So may we conclude, as GP said, that running Gentoo on production servers is just not a good idea?

> I have some friends who set up their own hosting business based on Gentoo and they seem to be doing it right. Their servers are very stable.

This is a little too anecdotal for me :)

I've done my share of Gentoo, and this system in intriguing. But when I need stability, as I need for backend services, then it will not even be on the long list.

I found some similar-level intriguing features in NixOS. I'd probably still not run it for backend services, but I might be compelled to run it on the application layer in some cases.

tene · on Feb 9, 2018

You've correctly understood the nontrivial costs involved in trying to use Gentoo on production servers, and correctly understood that the benefits aren't relevant to your personal use-cases, or the most-common use-cases for production distributions in most industries.

I don't at all read your parent as asserting that all production deployments should make use of a meta-distribution like Gentoo, but instead describing the specialized features that are useful for some specific niches. If you have some business reason to want to run arbitrary combinations of different versions of different software together, or to more-easily manage distributing software to your platform with many different features that you sometimes want compiled out, or otherwise if a slow stable extremely-reliable distribution isn't handling your needs, you might want to consider using Gentoo instead of building all that infrastructure yourself.

That's not the case for you, or for me, and that's fine. You've described some of the reasons I also prefer a stable well-supported distribution and don't use Gentoo. My reading of your comment is saying that because you personally have no use for the benefits, therefore Gentoo is completely unsuitable for any production use ever. If I've misread your comment, and you were just commenting on your personal use cases without trying to speak to any general audience, I apologize for my mischaracterization.

hathawsh · on Feb 9, 2018

It depends on the application. I can easily imagine supercomputers running Gentoo, since Gentoo lets you build the world with risky optimization flags that just might work for you. I can also imagine high-security environments using Gentoo because Gentoo lets you eliminate unnecessary dependencies that may be a security risk.

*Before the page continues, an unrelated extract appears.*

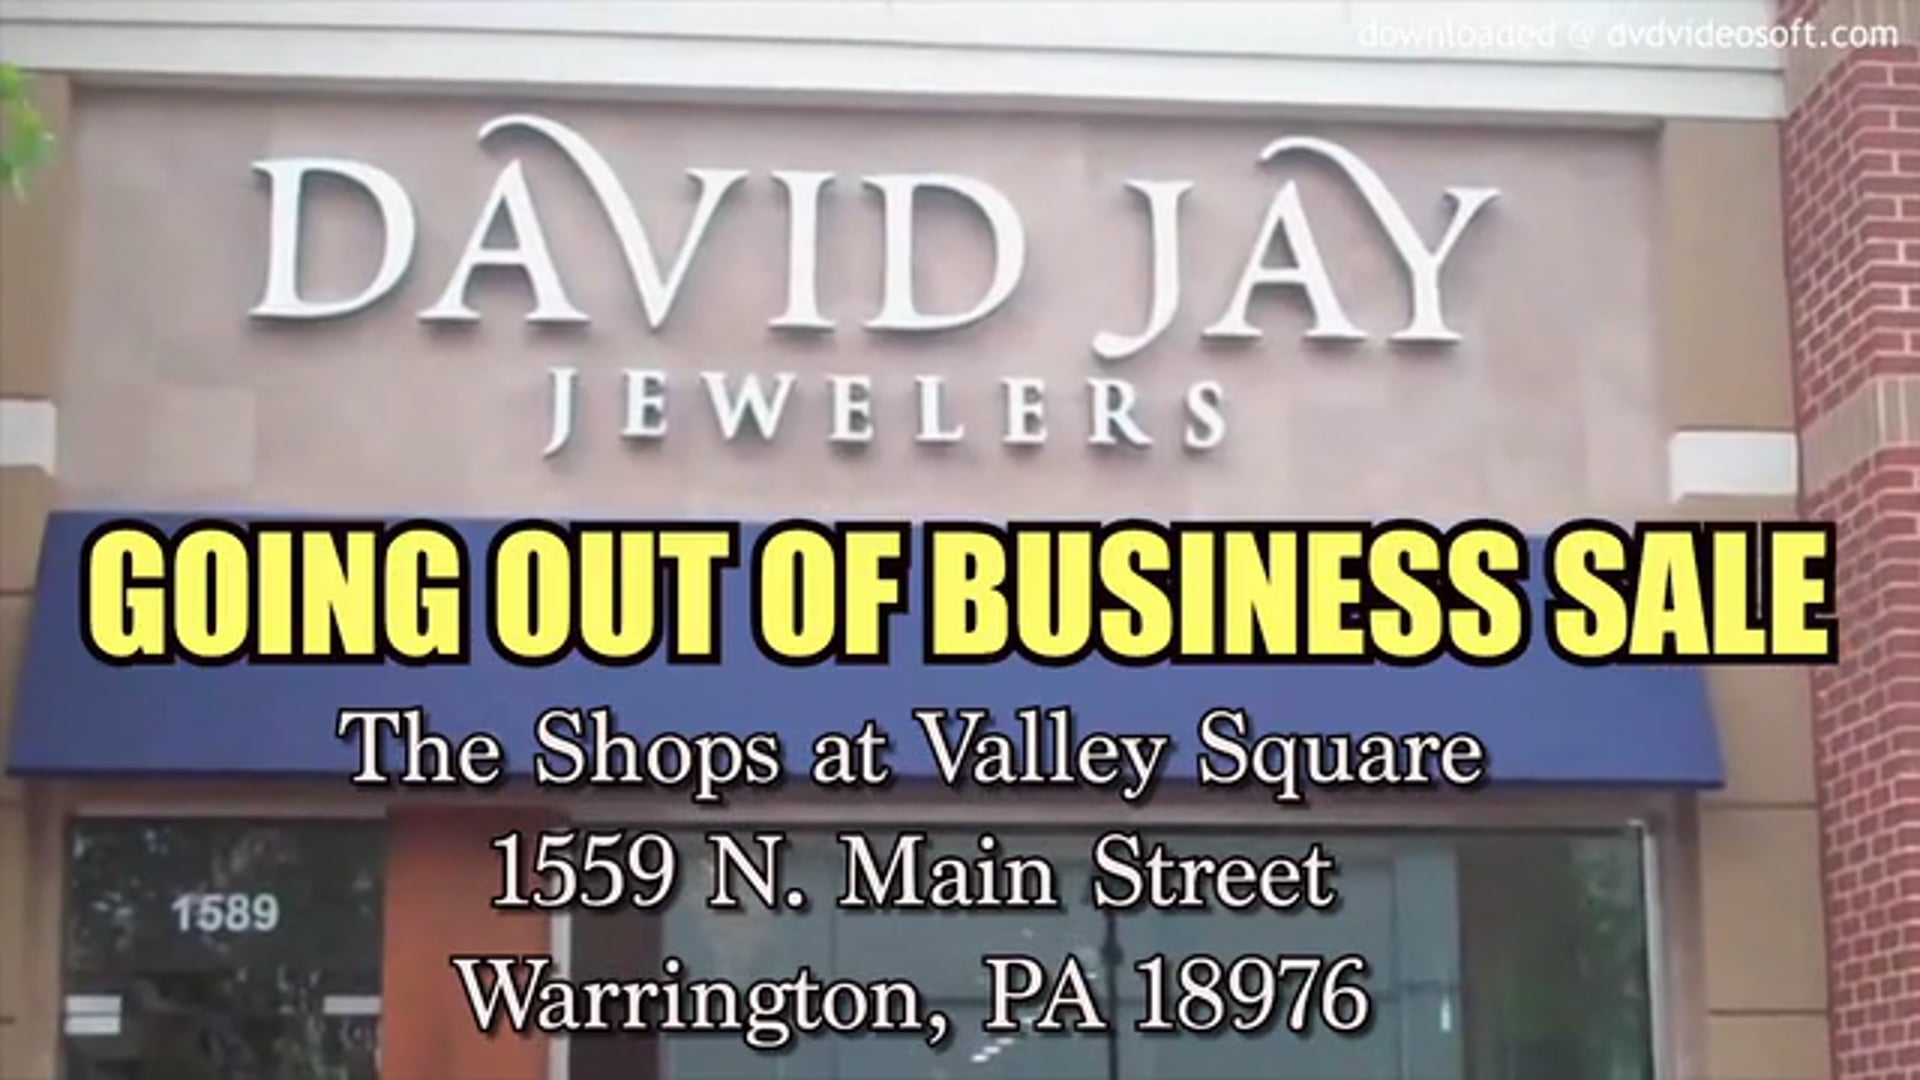 David Jay Jewelers

But honestly, I think most people who run Gentoo do it for the learning experience and for fun. :-)

cies · on Feb 10, 2018

> I can easily imagine supercomputers running Gentoo

Yeah, nice one! Very customized flags required.

I was more talking about typical backend services, like Ceph or, say, a Riak or Postgres cluster.

emmelaich · on Feb 10, 2018

You can get source rpms for say Centos or Scientific Linux and maintain your own set of patches and flags.

Minimise your deviation from the stable stuff that everyone else is using.

cies · on Feb 10, 2018

Which I expect is more common in super computers.

But still, maybe there is some stuff with special processors that needs all to be compiled specifically with support for that type of thing, in order to make proper use of the underlying machine.

nikanj · on Feb 9, 2018

>> Compared with Debian or Red Hat, Gentoo is really a meta-distribution. It's a nice basis for creating your own distribution.

> I do not want that on my production server. We're in the $SOME_BACKEND_SERVICE business, not in the distro creating business.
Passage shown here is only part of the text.